Le problème, selon Segal, est qu’il est impossible de prouver l’intention. Le signaler comme un symbole antisémite flagrant fait le jeu des trolls de 4chan, mais ignorer que certains nationalistes blancs auto-identifiés utilisent ce geste est tout aussi dommageable. La réponse n’est pas encore claire, mais elle permet d’expliquer pourquoi les mèmes de niche et les tentatives de radicalisation font la une du New York Times, du Washington Post ou du Boston Globe.

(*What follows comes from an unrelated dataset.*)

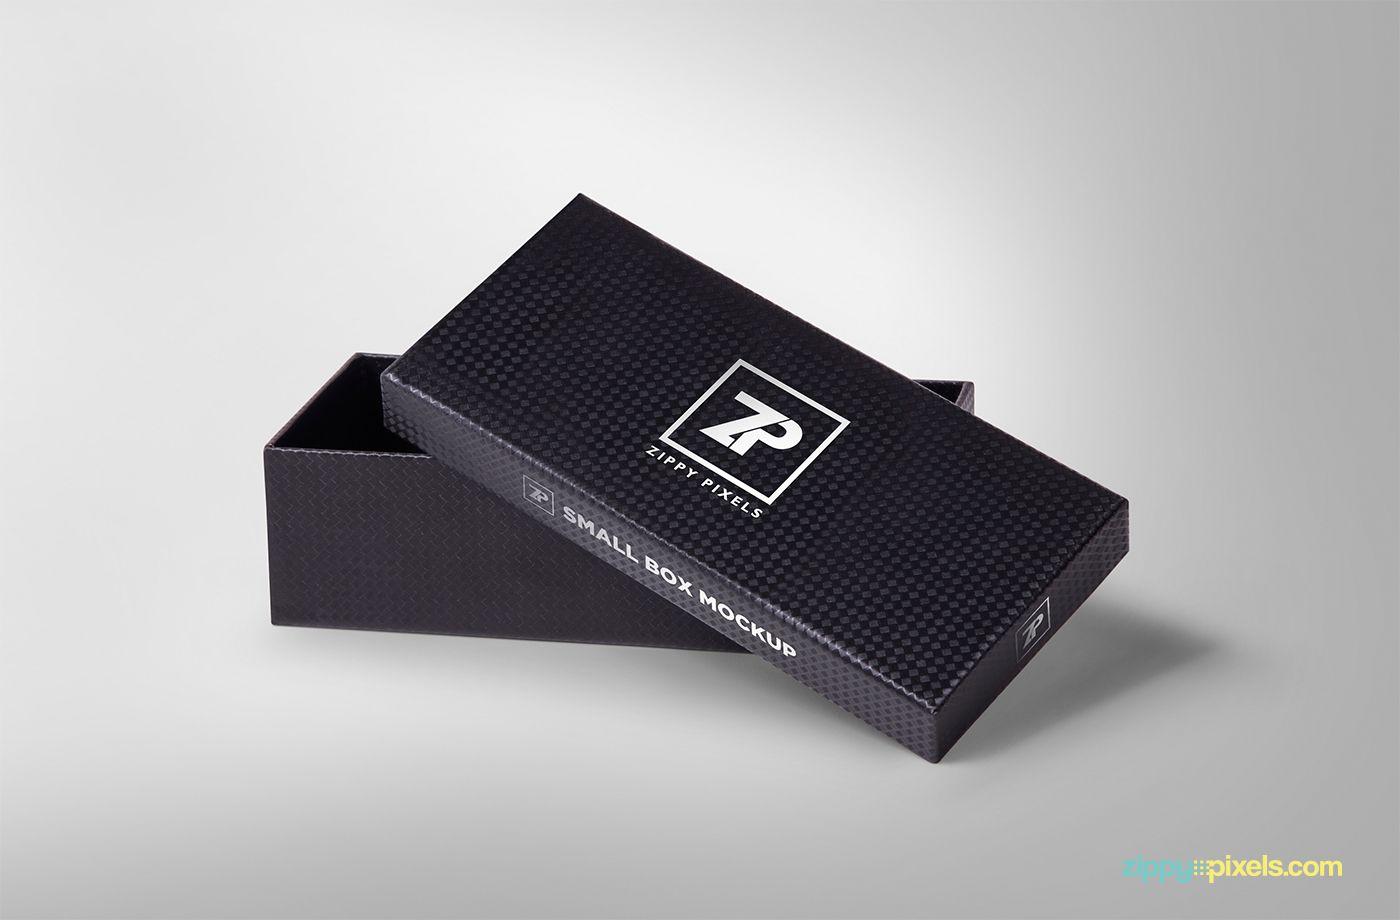 Download 2 Free Gift Box Mockups On Behance Box Mockup Free Packaging Mockup Mockup Free Psd

« Lorsque le volume d’utilisation comprend beaucoup de contenu haineux, lorsqu’il est utilisé comme un outil de harcèlement, lorsque le mème lui-même est adopté par des extrémistes, à ce moment-là, nous considérons les données et la fonction de celui-ci et décidons de l’inclure ou non dans notre liste de symboles de haine », a déclaré Segal. « Il est très important, que nous parlions de Pepe la grenouille, du symbole OK ou de ce nouveau mème aujourd’hui, de se rappeler que le contexte est essentiel. »

Certains ont utilisé le mème NPC pour diffuser de fausses informations. D’autres l’ont adopté comme un moyen de se moquer des gens. Il y a une bonne raison pour laquelle Kotaku et le New York Times ont décidé d’en parler. C’est un peu déroutant, mais connaître sa signification permet d’expliquer les grandes lignes de la culture politique américaine. Mais même dans ce contexte, le mème NPC n’est pas au même niveau que Pepe the Frog. Pour analyser le rythme auquel les trolls cyclent les mèmes, il faut le contexte que souligne Segal : ce qu’ils signifient, oui, mais aussi quand leur utilisation ne peut être évitée.

« J’ai vu des cas où il est utilisé comme un mème haineux, mais cela n’en fait pas automatiquement un symbole de haine », a déclaré Segal. « Même s’il y a un énorme volume et que certains des critères sont remplis, cela ne signifie pas que chaque utilisation est un symbole de haine. »

Le mème NPC est devenu une histoire non pas parce qu’il valait la peine d’expliquer pourquoi une bande de trolls de 4chan comparait les libéraux à des êtres sous-humanoïdes, mais parce qu’une importante plateforme de médias sociaux a pris des mesures pour arrêter un mème qui répandait de fausses informations. Il est essentiel que les journalistes et les lecteurs comprennent cette différence : lorsque les mèmes sont expliqués, ils sont également amplifiés. En nous engageant dans la toxicité, nous risquons d’augmenter cette toxicité.